The MRS broth culture medium comprises the following components: peptone 1.0%, sodium acetate 0.5%, beef extract 1.0%, glucose 2%, yeast extract 0.5%, Tween 800.1%, and K₂HPO₄ 0.2％，MgSO₄0.058 percent of ammonium citrate, 0.2 percent of diammonium citrate and MnSO₄0.025%, and the balance of water, and the pH value is 7.0 +/-0.2.

The nutrient agar culture medium comprises the following components: peptone 1%, beef extract 0.3%, agar 2%, NaCl 0.5%, and water in balance, and pH 7.2 + -0.2.

The tryptone-sulfite-cycloserine agar culture medium comprises the following components: tryptone 1.5%, soytone 0.5%, yeast powder 0.5%, sodium pyrosulfite 0.1%, ferric ammonium citrate 0.1%, agar 2%, and water in balance, pH 7.6 + -0.2, and filtering sterilized 0.5% D-cycloserine solution 20mL/250mL when cooled to 50 ℃ in use.

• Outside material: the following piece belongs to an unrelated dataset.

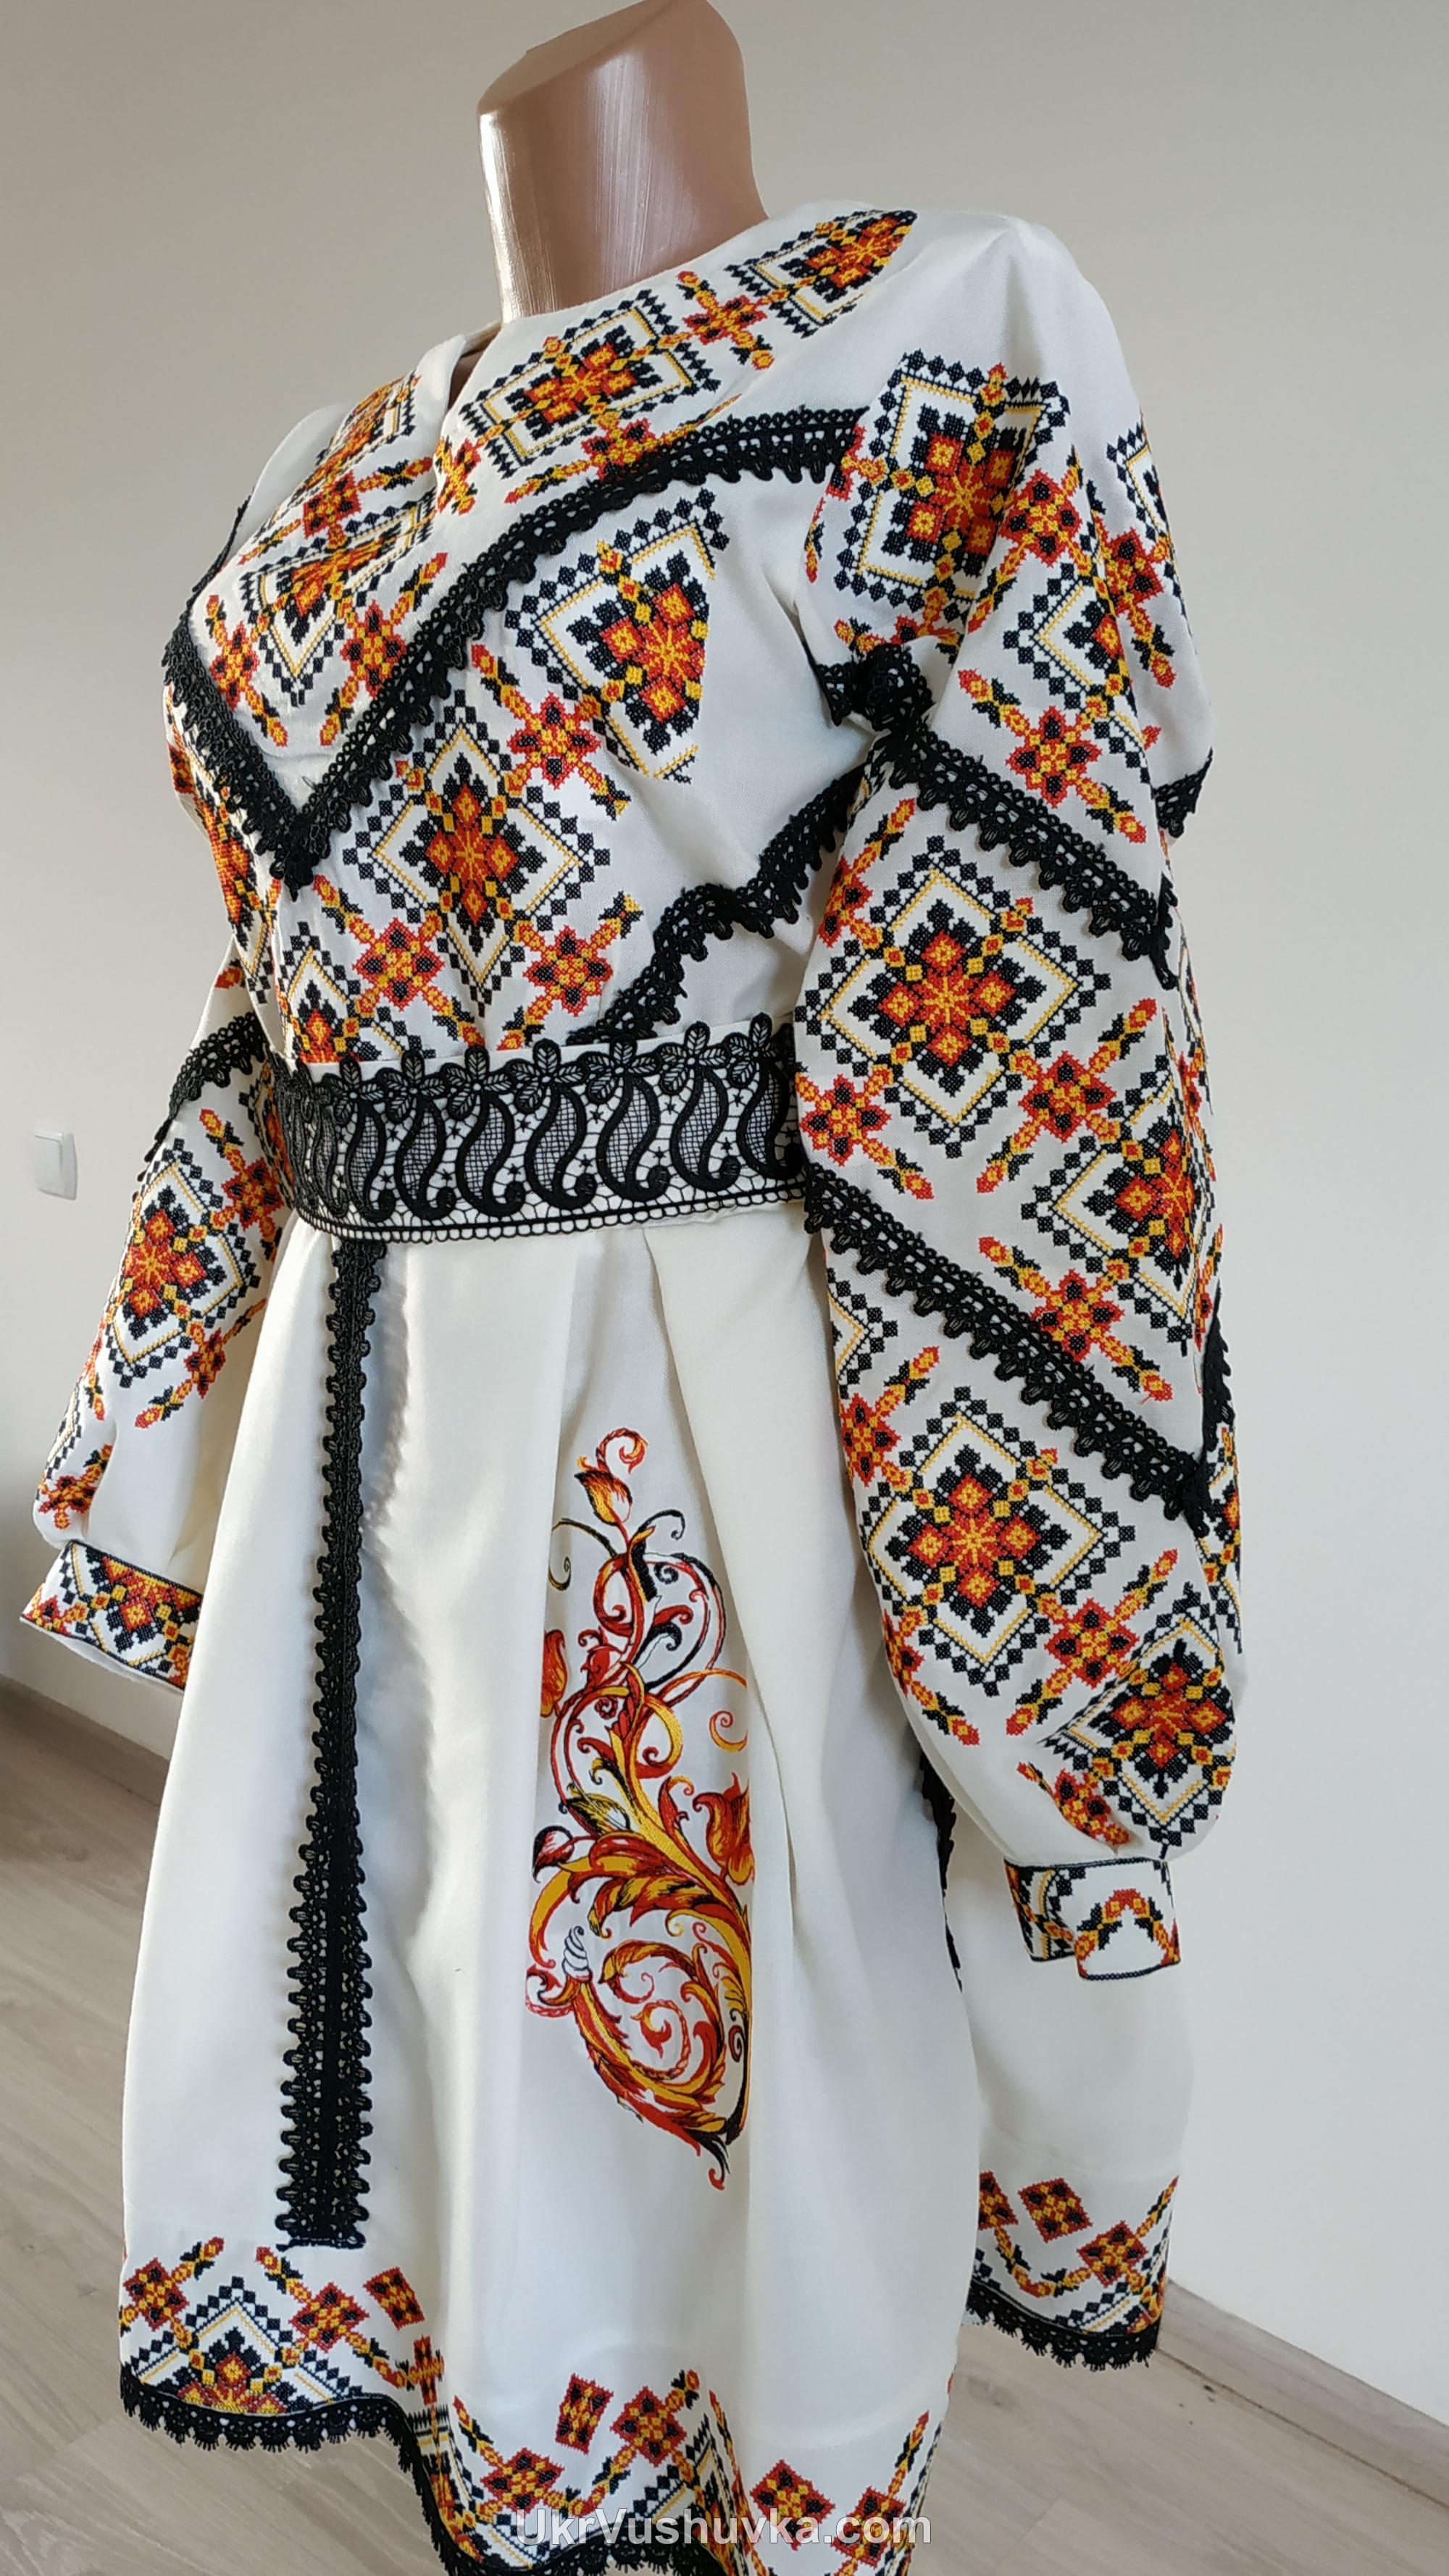 Вишита сукня (арт. 5007) • купити в Україні e776186a108db

EXAMPLE 2 preparation of Lactobacillus plantarum NHE-LpB6401 fermentation broth

Taking lactobacillus plantarum NHE-LpB6401 (preservation number is CGMCC No.22645) seed liquid (viable bacteria concentration is 10)⁹CFU/mL)3mL, inoculating the mixture into 300mL of shake flask fermentation medium for shake flask fermentation culture; after the shake flask fermentation is finished, fermentation culture is carried out in a fermentation tank, 300mL of shake flask fermentation seed liquid is inoculated into a fermentation culture medium in a 50L fermentation tank for fermentation culture, and the liquid loading capacity of the 50L fermentation tank is 35L of the fermentation culture medium. The fermentation is finishedThen, the number of viable bacteria in the fermentation liquor is detected to be 3.4 multiplied by 10¹⁰CFU/mL。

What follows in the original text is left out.